Required action
Given the records underneath, please repeat exactly the lines from the line with "Page 4 of manga Kimi dake no Hana" through the line with "Florsheim Postino Cap", passing over any picture.

Dataset records
_____
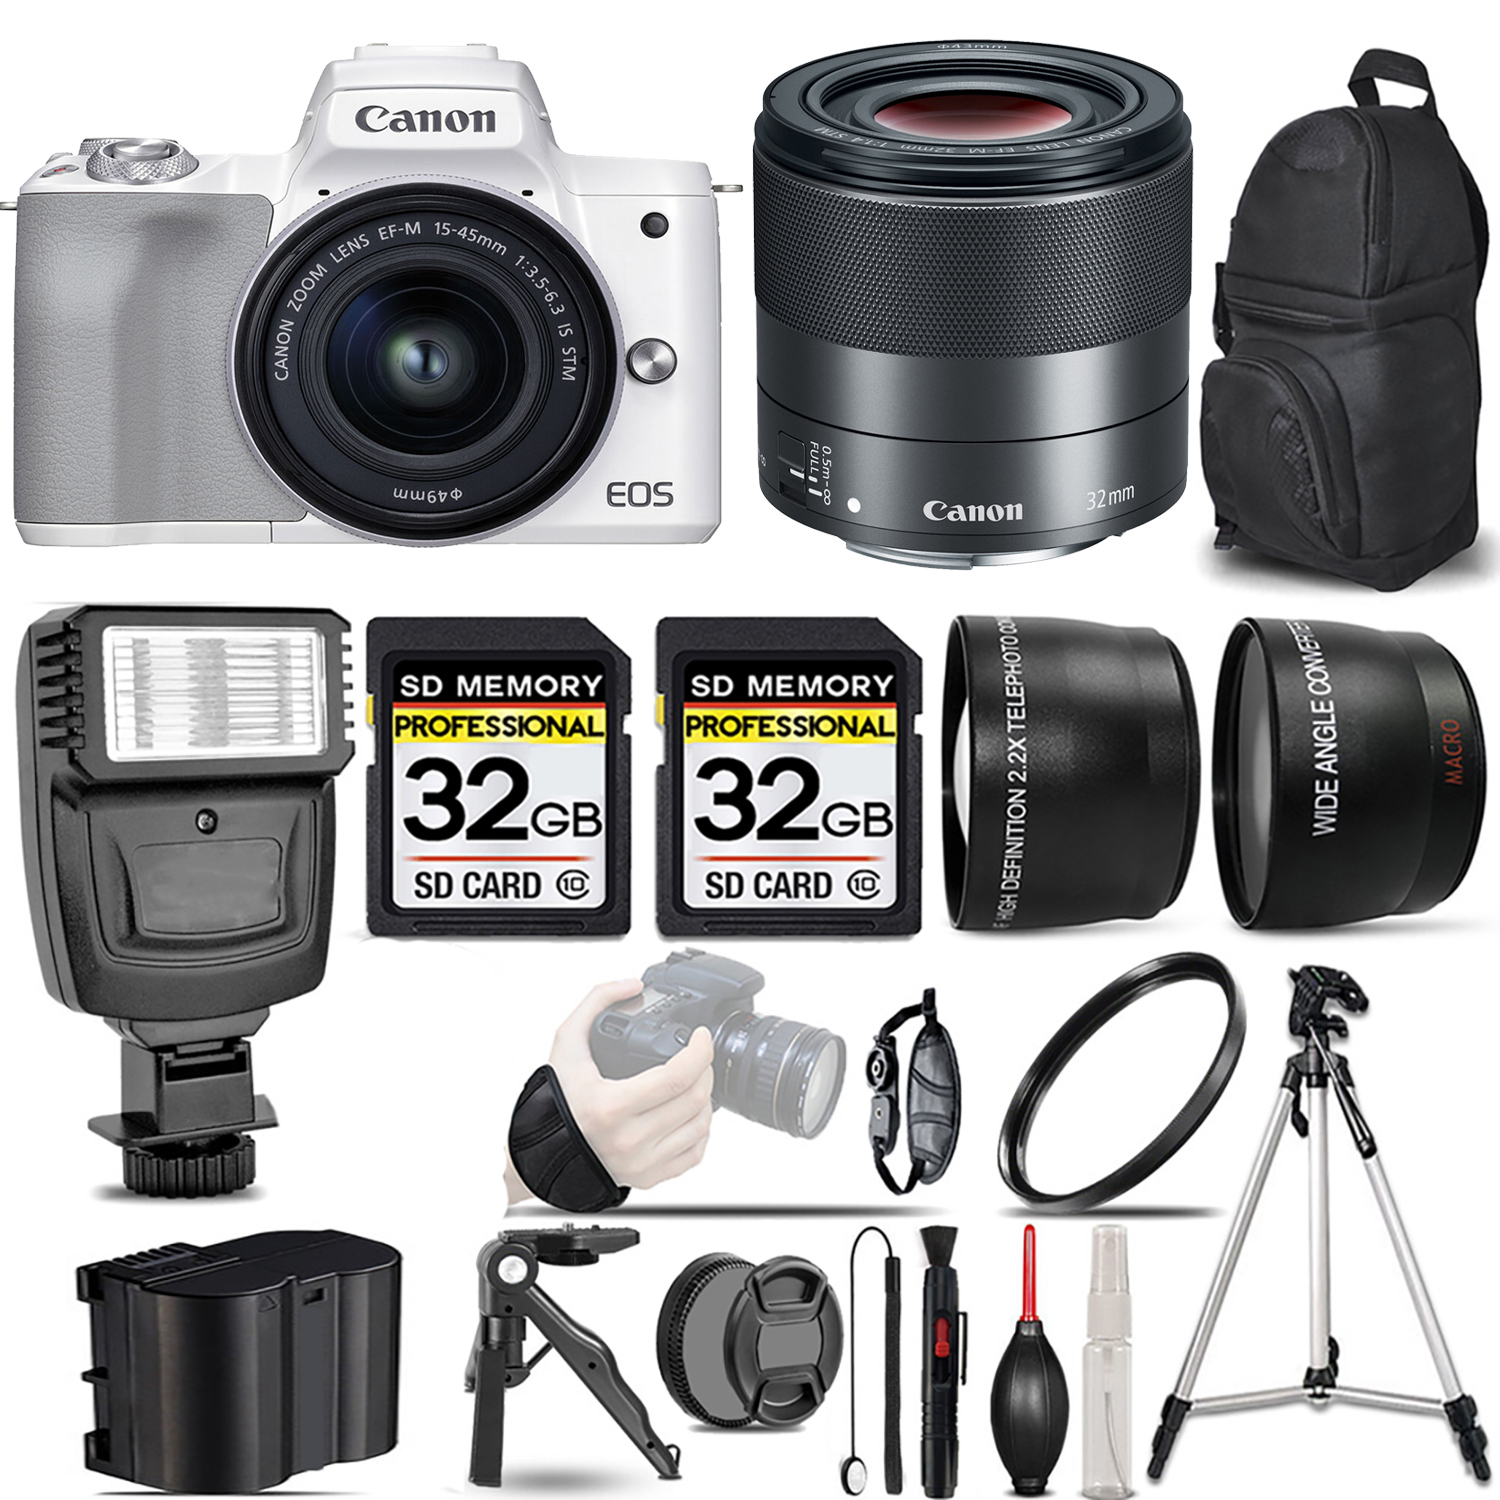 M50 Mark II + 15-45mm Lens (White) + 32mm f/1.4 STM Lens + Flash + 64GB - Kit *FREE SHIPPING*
_____
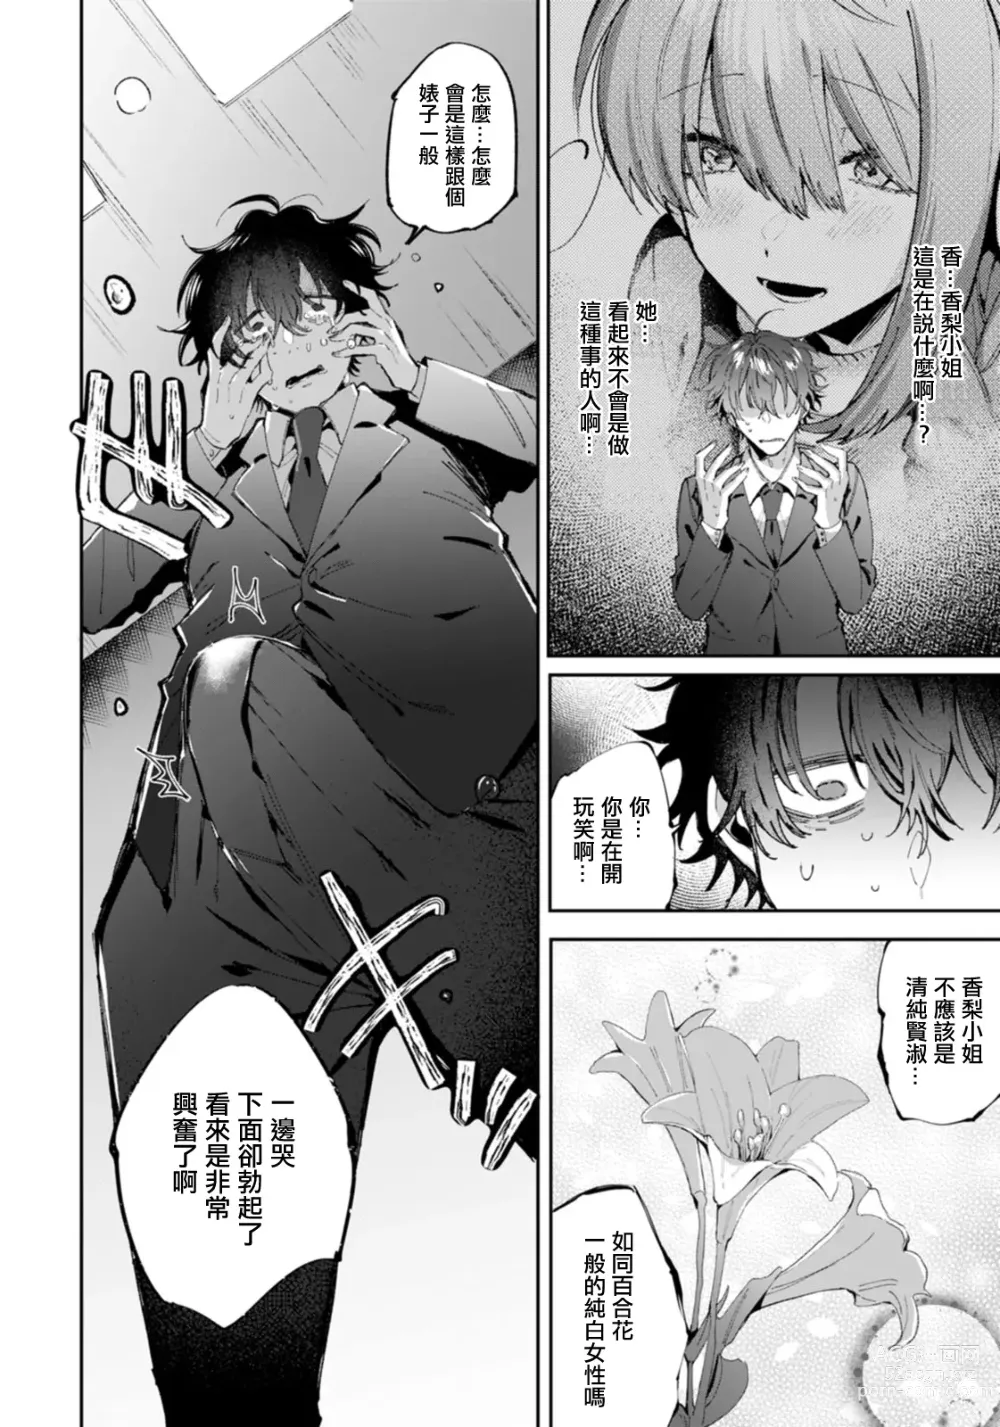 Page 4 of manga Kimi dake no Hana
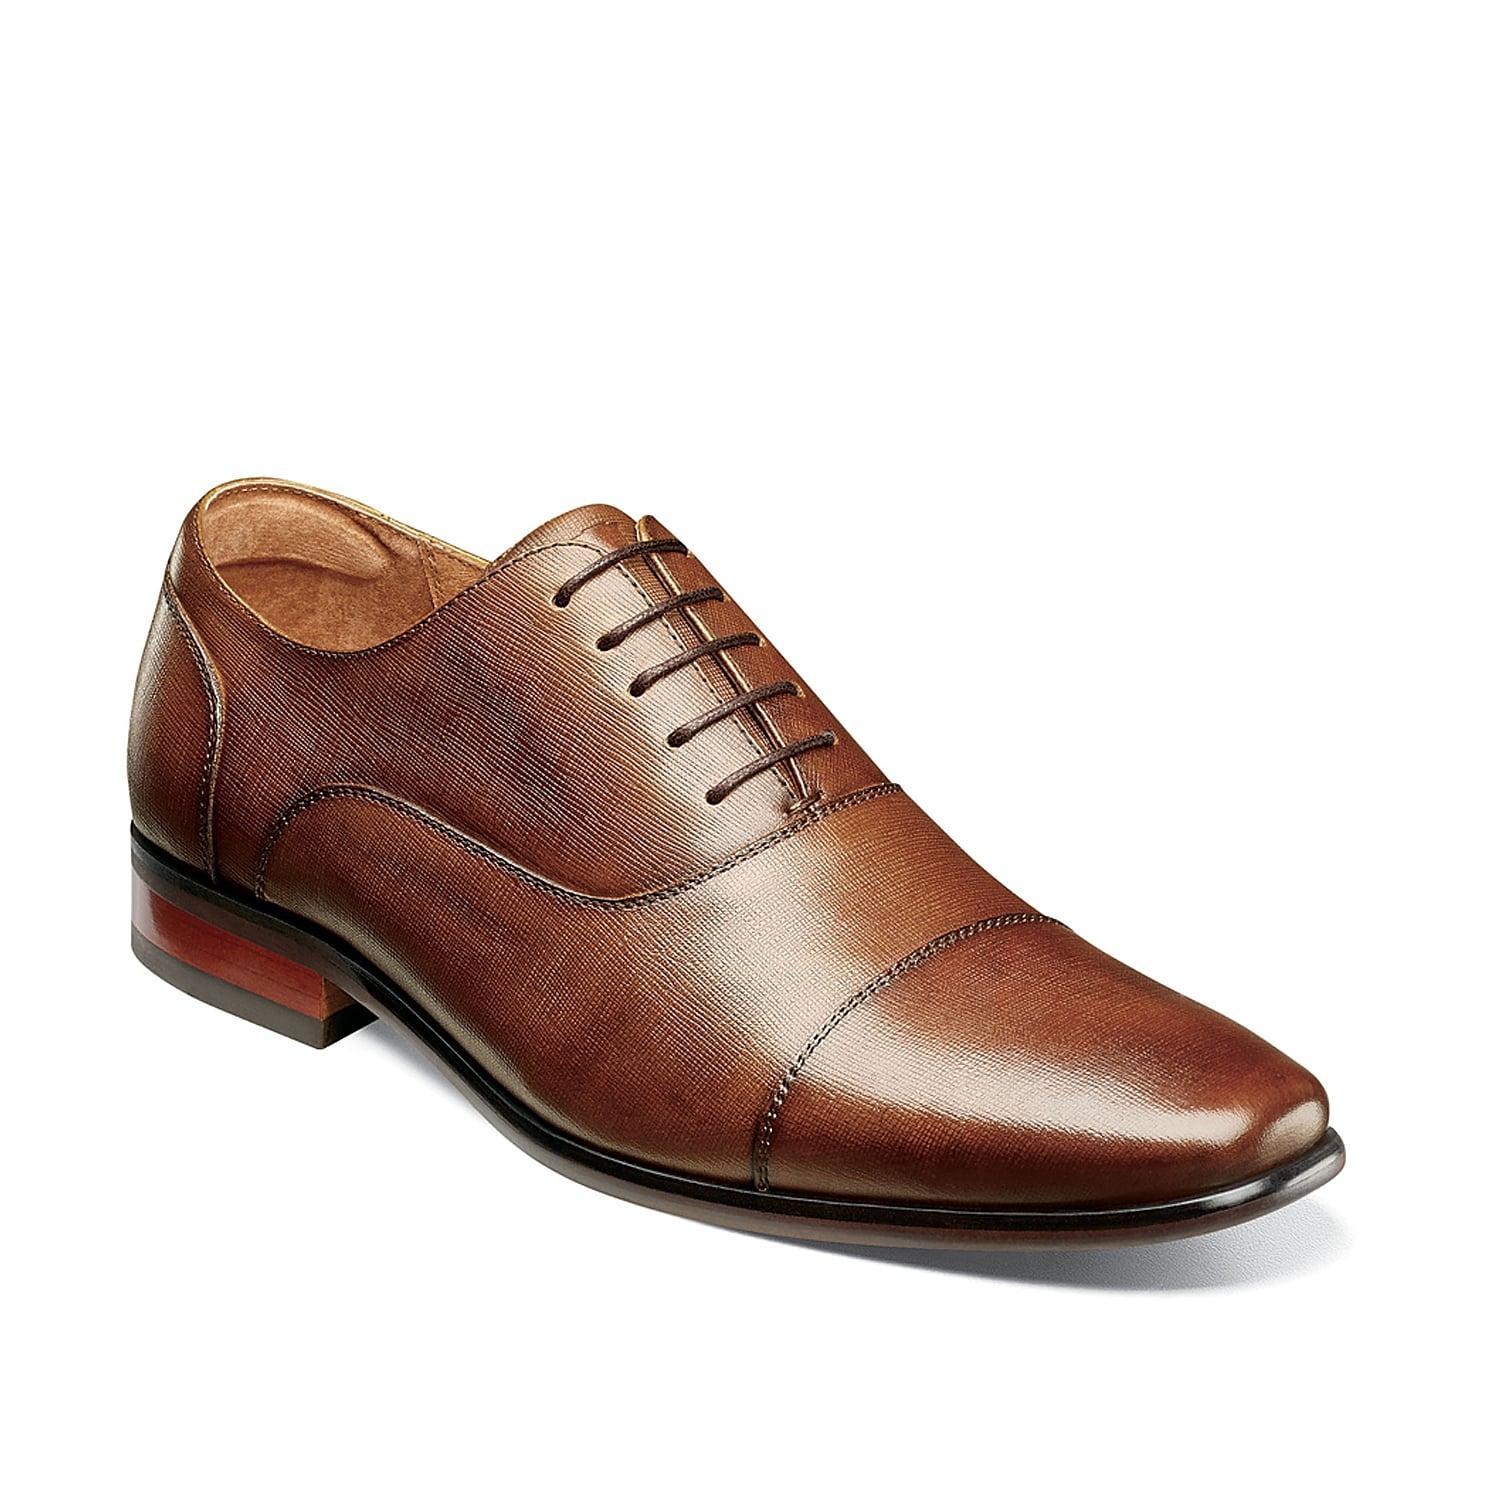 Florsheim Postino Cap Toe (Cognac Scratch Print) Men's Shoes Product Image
_____
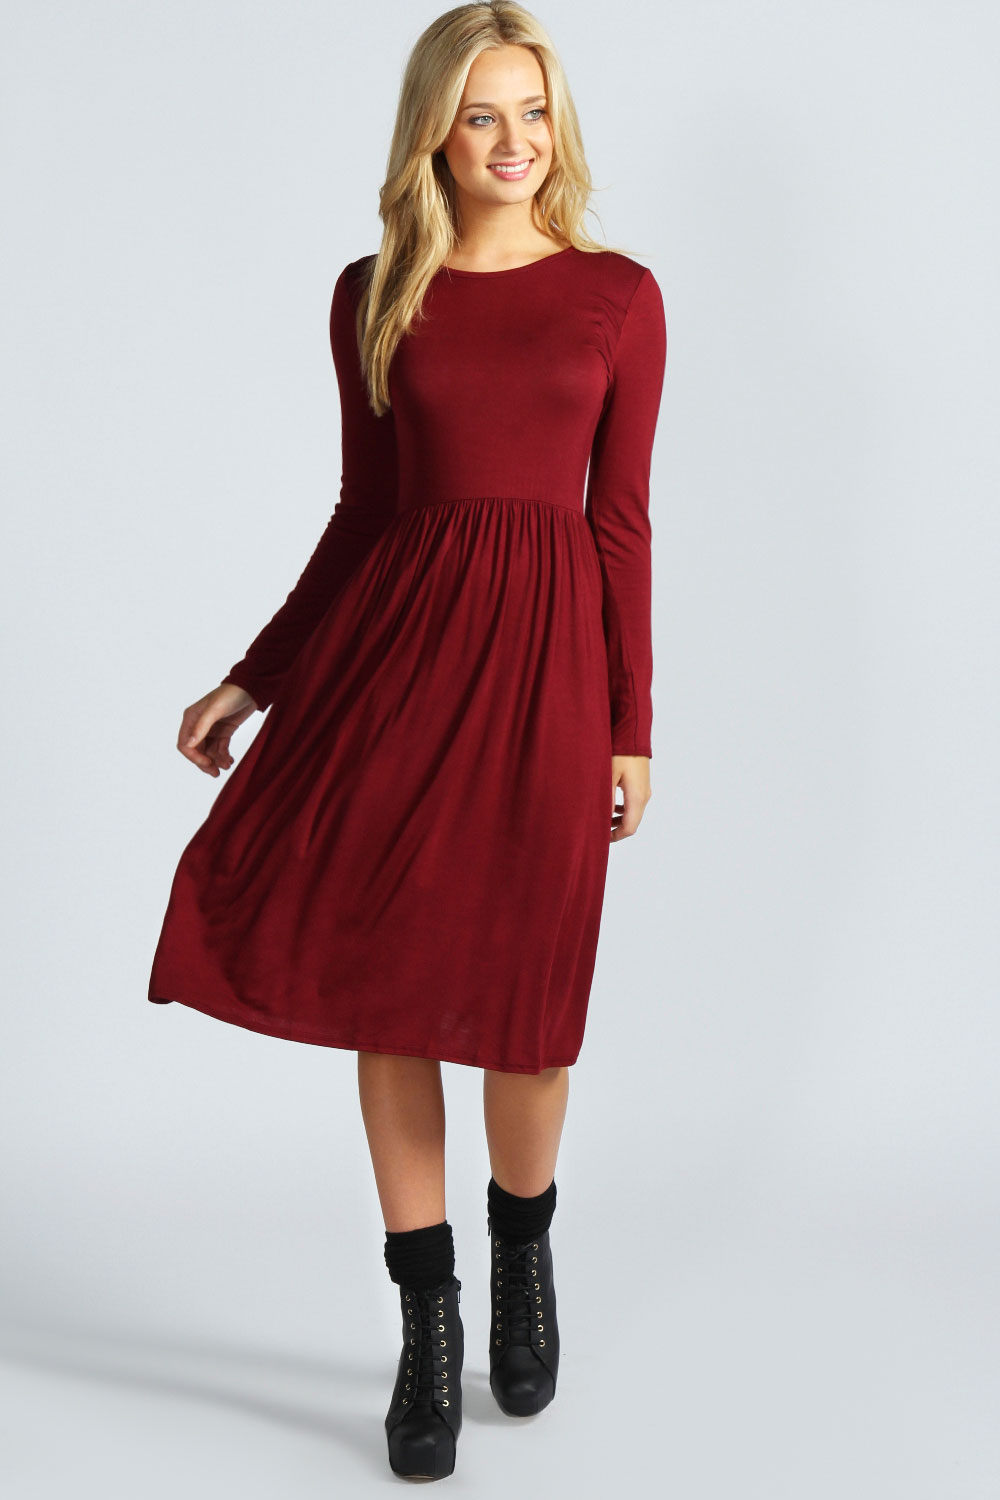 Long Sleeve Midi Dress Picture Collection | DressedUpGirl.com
_____
Answer for the task
 Page 4 of manga Kimi dake no Hana
 Florsheim Postino Cap Toe (Cognac Scratch Print) Men's Shoes Product Image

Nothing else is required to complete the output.